Question

For initial value problem $\stackrel{..}{y}+2\stackrel{.}{y}++\left(101\right)y=\left(10.4\right)e^x,y\left(0\right)=1.1$ and $\stackrel{.}{y}\left(0\right)=-0.9$. Various solutions are writen in the following groups.
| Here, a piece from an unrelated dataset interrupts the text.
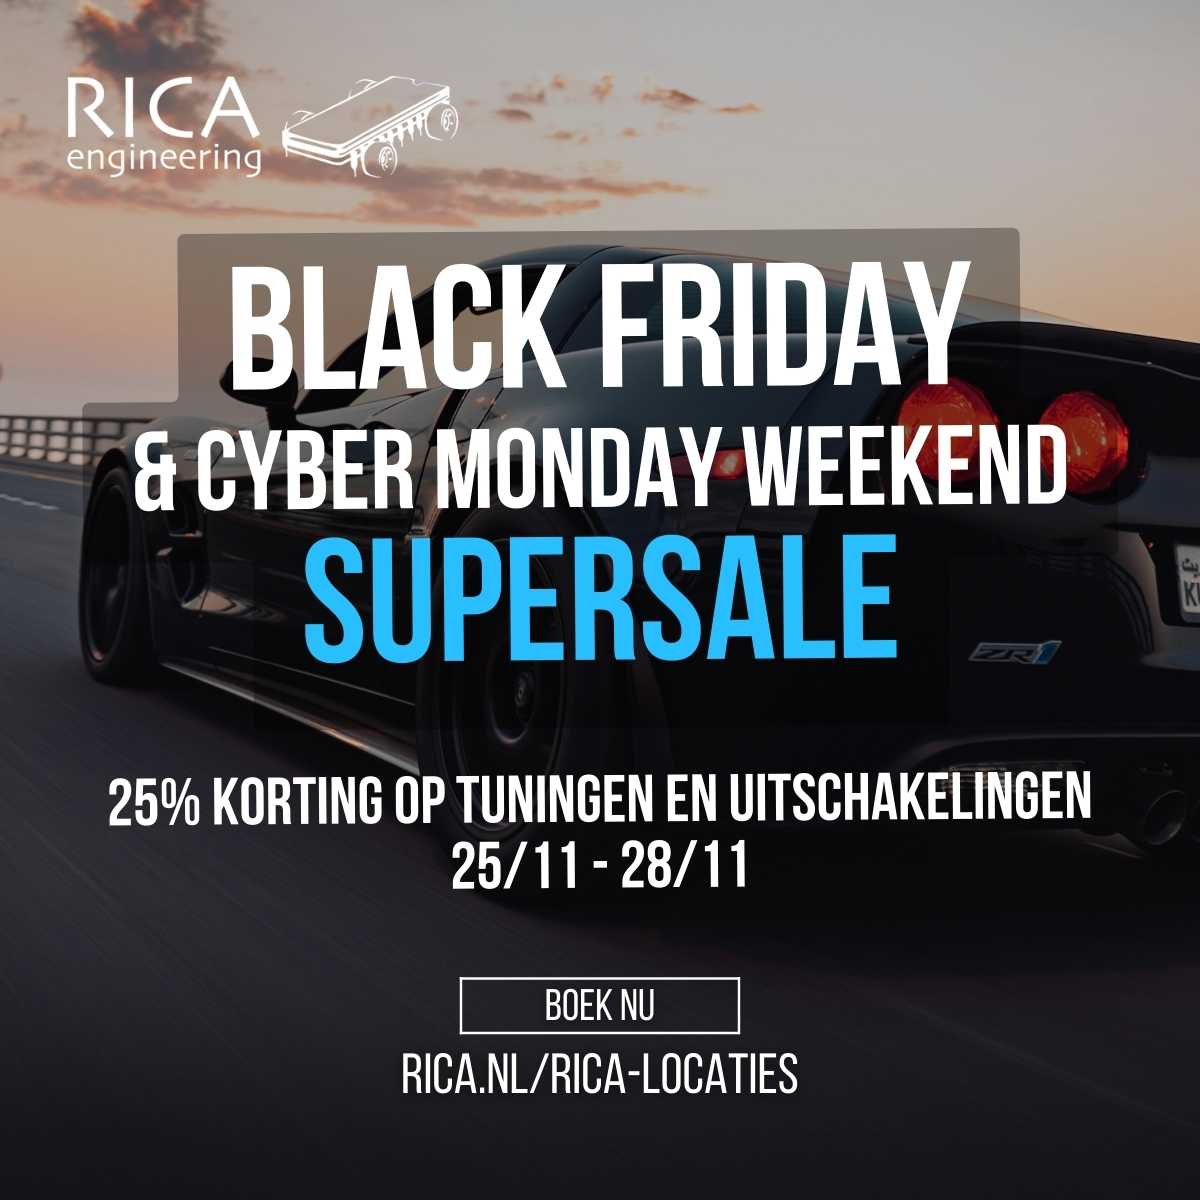 promo post black friday black car with text overlay deal details 20% discount

Match the type of solution with the correct expression.
Group - 1
P. General solution of homogeneous equations
Q. Particular integral
R. Total solution satisfying boundary conditions.
Group - II
(1) $0.1e^x$
(2) $e^{-x}[Acos10x+Bsin10x]$
(3) $e^{-x}cos10x+0.1e^x$

• A. $P-2,Q-1,R-3$
• B. $P-1,Q-3,R-2$
• C. $P-1,Q-2,R-3$
• D. $P-3,Q-2,R-1$
  

Answer 1

The correct option is A $P-2,Q-1,R-3$

Given $(D^2+2D+101)y=10.4e^x$ ... (i)
So $AE$ is $m^2+2m+101=0$
$\Rightarrow m=-1\pm 10i$
$C.F.$ is $e^{-x}[c_{1}cos10x+c_{2}sin10x]$
$P.I.=\frac{1}{(D^2+2D+101)}\left(10.4\right)e^x$
$=\frac{1}{(1+2+101)}\left(10.4\right)e^x=0.1e^x$
So general solution is
$y=CF+PI$
$y=e^{-x}\left[c_{1}cos\right(10)x+c_{2}sin(10\left)x\right]+\left(0.1\right)e^x$ ... (ii)
$\frac{dy}{dx}=-e^{-x}[c_{1}cos10x+c_{2}sin10x]+0.1e^x+e^{-x}[-c_{1}10cos10x+c_{2}10cos10x]$
... (iii)
Now using $y\left(0\right)=1.1$ & $y^{\prime }\left(0\right)=-0.9$ in (2) & (3), we get $C_1=1$ & $C_2=0$
So, solution is
$y=e^{-x}\left[cos\right(10x\left)\right]+\left(0.1\right)e^x$
Hence, $P-2,Q-1,R-3$ is the correct option.